11 November 2009

Getting Enough Calories and Nutrition

Sufficient daily calorie intake is crucial whether you are on a diet or not. Dieting and skipping meals mean restrictive calorie intake which can ultimately decrease the body’s metabolic rate (the rate at which energy is used by the body). As you give the body less calories to work with it responds by trying to conserve energy to make sure that it is able to support its daily tasks. But the result of all of this is usually fatigue and lethargy. Furthermore, if one were to increase calories significantly, it is likely that they would gain weight because those calories would be burned at a much slower rate. This is why once someone has stopped dieting and begins eating normally they may regain the weight.

The bottom line is that the body needs ample energy and the ability to function at its best. It is able to do this by utilizing Carbohydrates, Protein, Fats and many minerals and vitamins. Carbohydrates' role is primarily to provide a direct source of energy and fuel. Fat also provides energy although the process of extracting energy from fat is more complicated.

There is an interchange of mostly carbs and some fat for energy as needed, but it is ideal to have enough carbs in the diet so that the body isn’t forced to resort to both Fat and Protein in the absence of sufficient Carbohydrates. Protein has many other major functions (e.g. for tissue building and repair) and when the body is forced to use it for energy then this usually means that the body is greatly deprived and starved. So be wary of extreme carb. restriction.

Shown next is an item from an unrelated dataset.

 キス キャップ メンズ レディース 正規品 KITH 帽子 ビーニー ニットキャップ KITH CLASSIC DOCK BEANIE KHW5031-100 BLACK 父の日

Carbohydrates, Protein and Fats are all essential and need to be consumed in proportion to each other to make sure that they are being utilized in the most efficient way in the body. Although there are variants to the proportions, daily requirements are generally 55% Carbohydrates, 15% Protein, and 30% Fat of total calories consumed for the day. They are each used by the body in very specific ways to complete tasks and maintain an optimal state of health.

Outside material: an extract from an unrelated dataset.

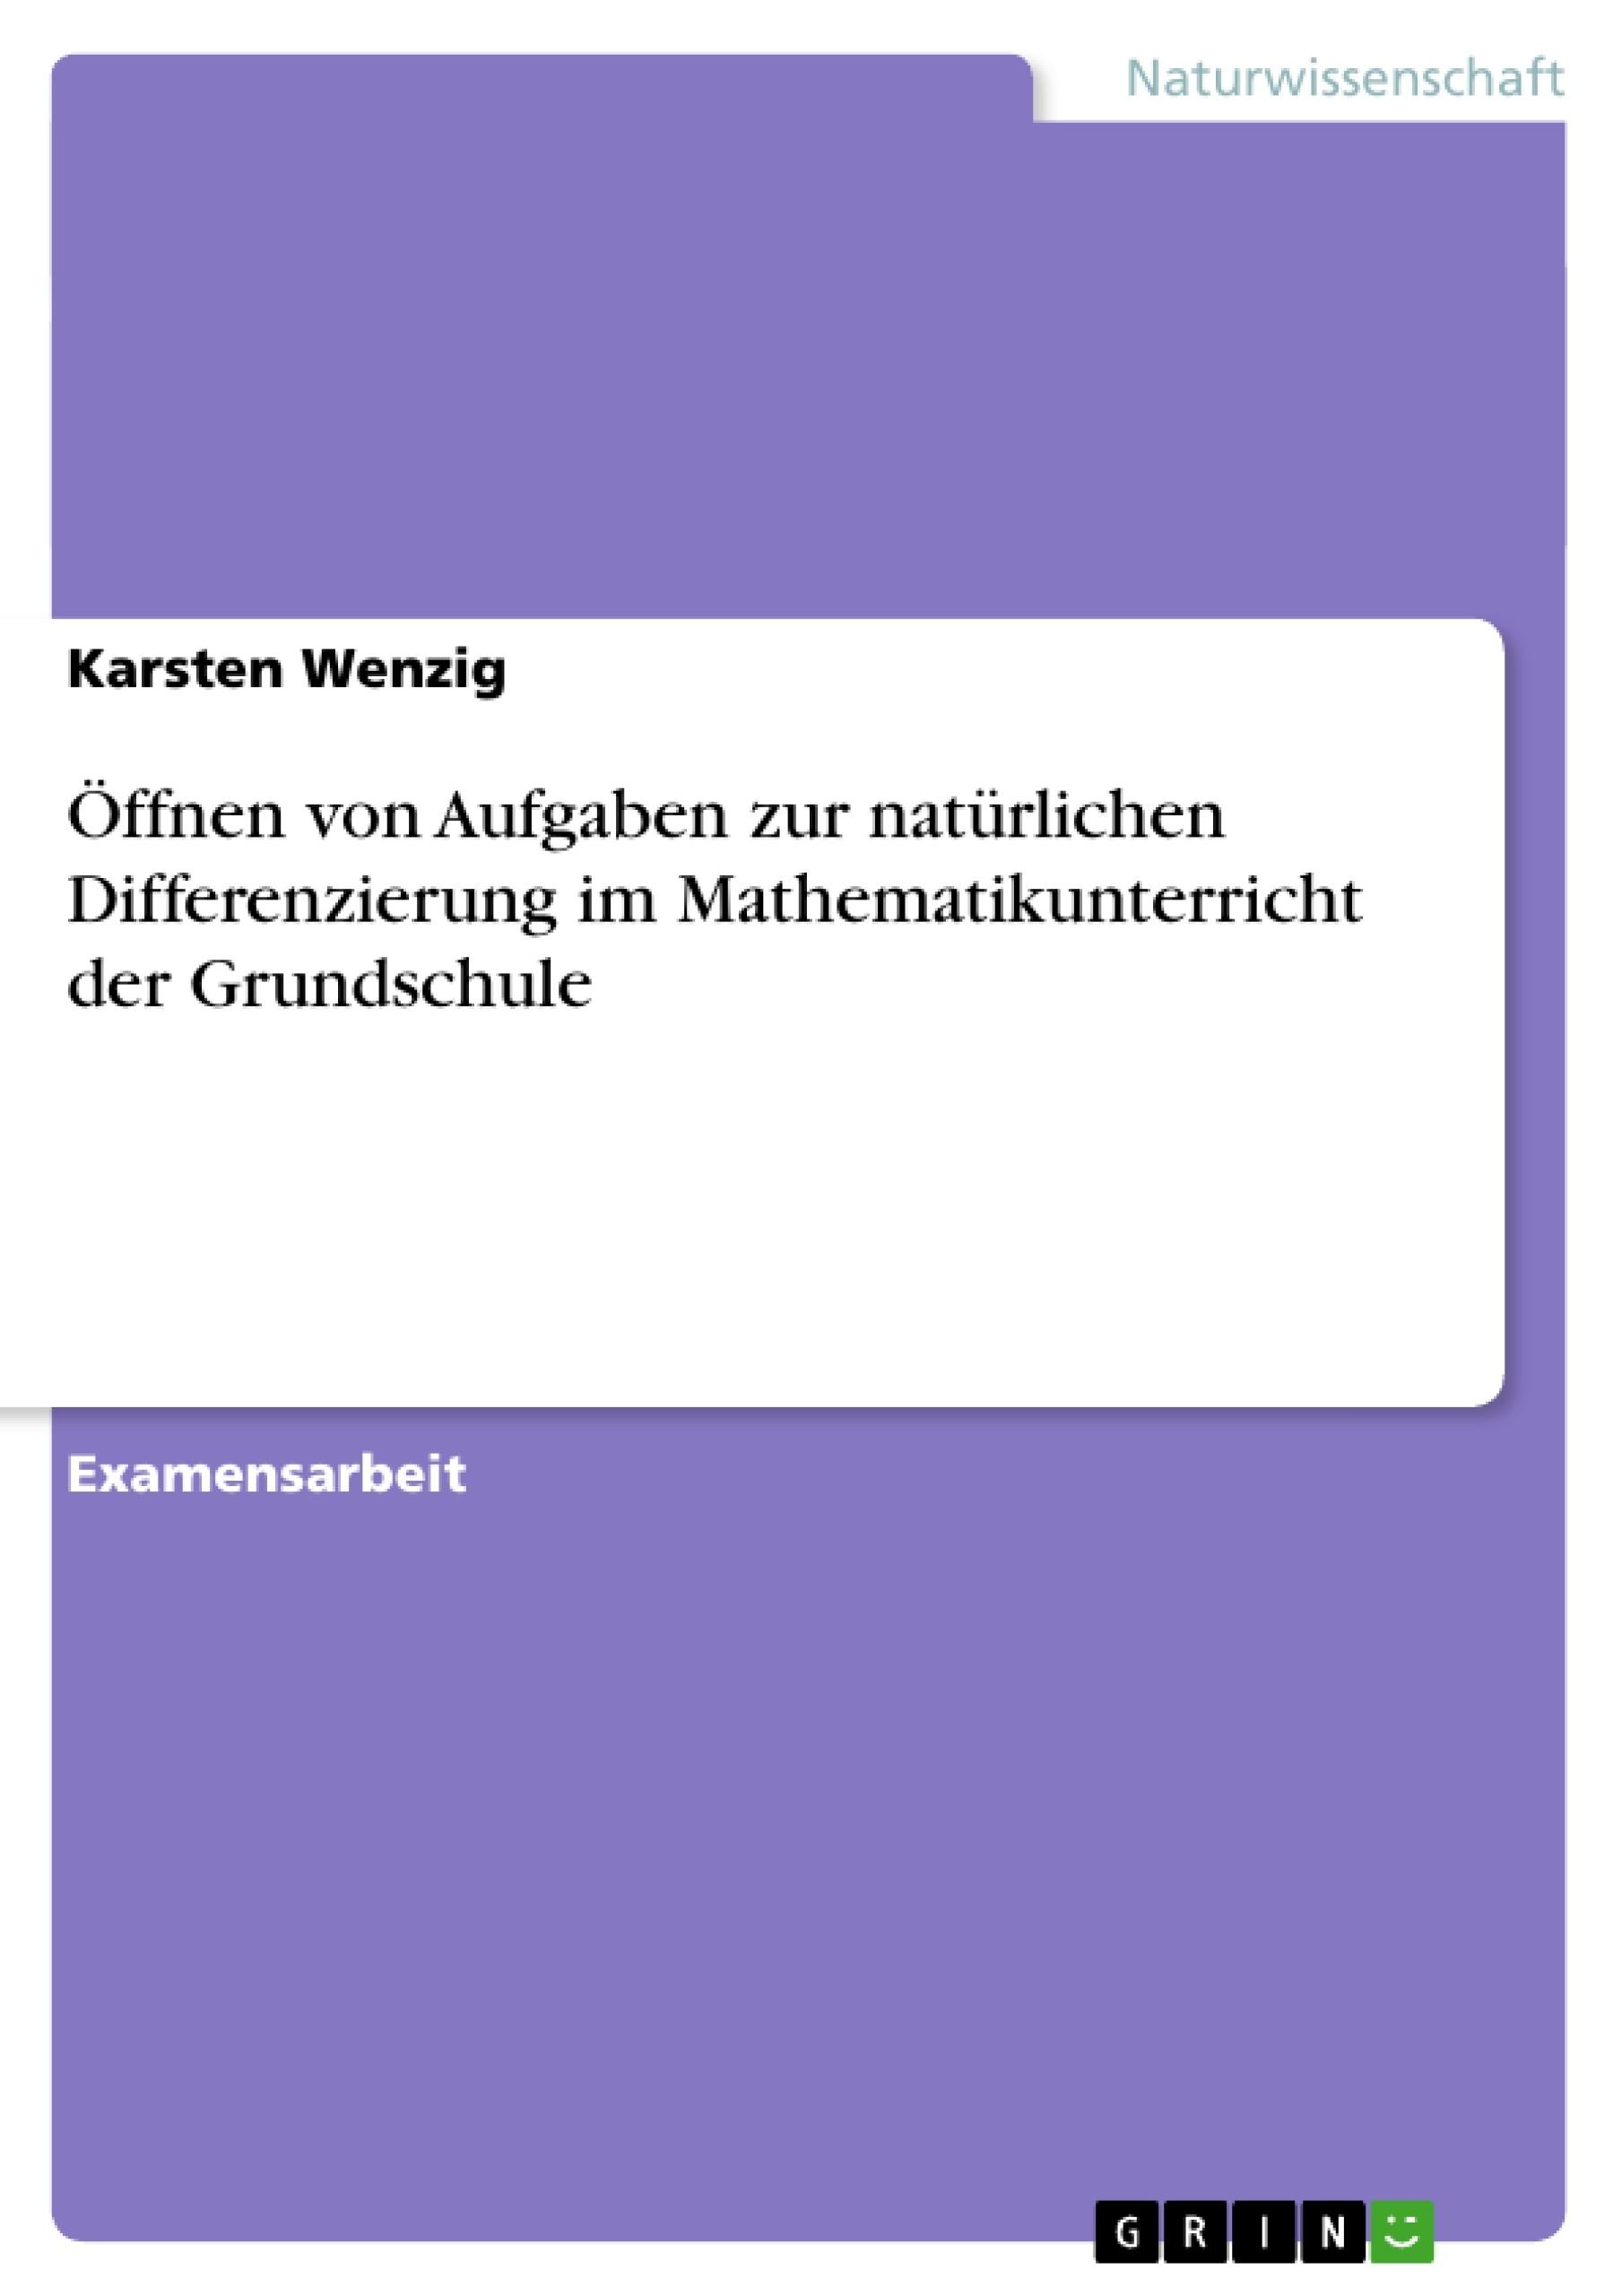 Titel: Öffnen von Aufgaben zur natürlichen Differenzierung im Mathematikunterricht der Grundschule

A simple way to ensure that you are getting enough energy and nutrition is to consume nutrient-dense foods. This means less processed foods,and foods which have been minimally altered. This would also ensure that you are consuming enough vitamins and minerals which are also needed for generating energy and serving the many other functions of the body. For e.g. at breakfast time, a nutrient dense food like whole grain hot or cold cereal with nuts or whole grain bread with nut butter would provide high quality Carbohydrate, Protein as well as Fat calories, and essential vitamins and minerals.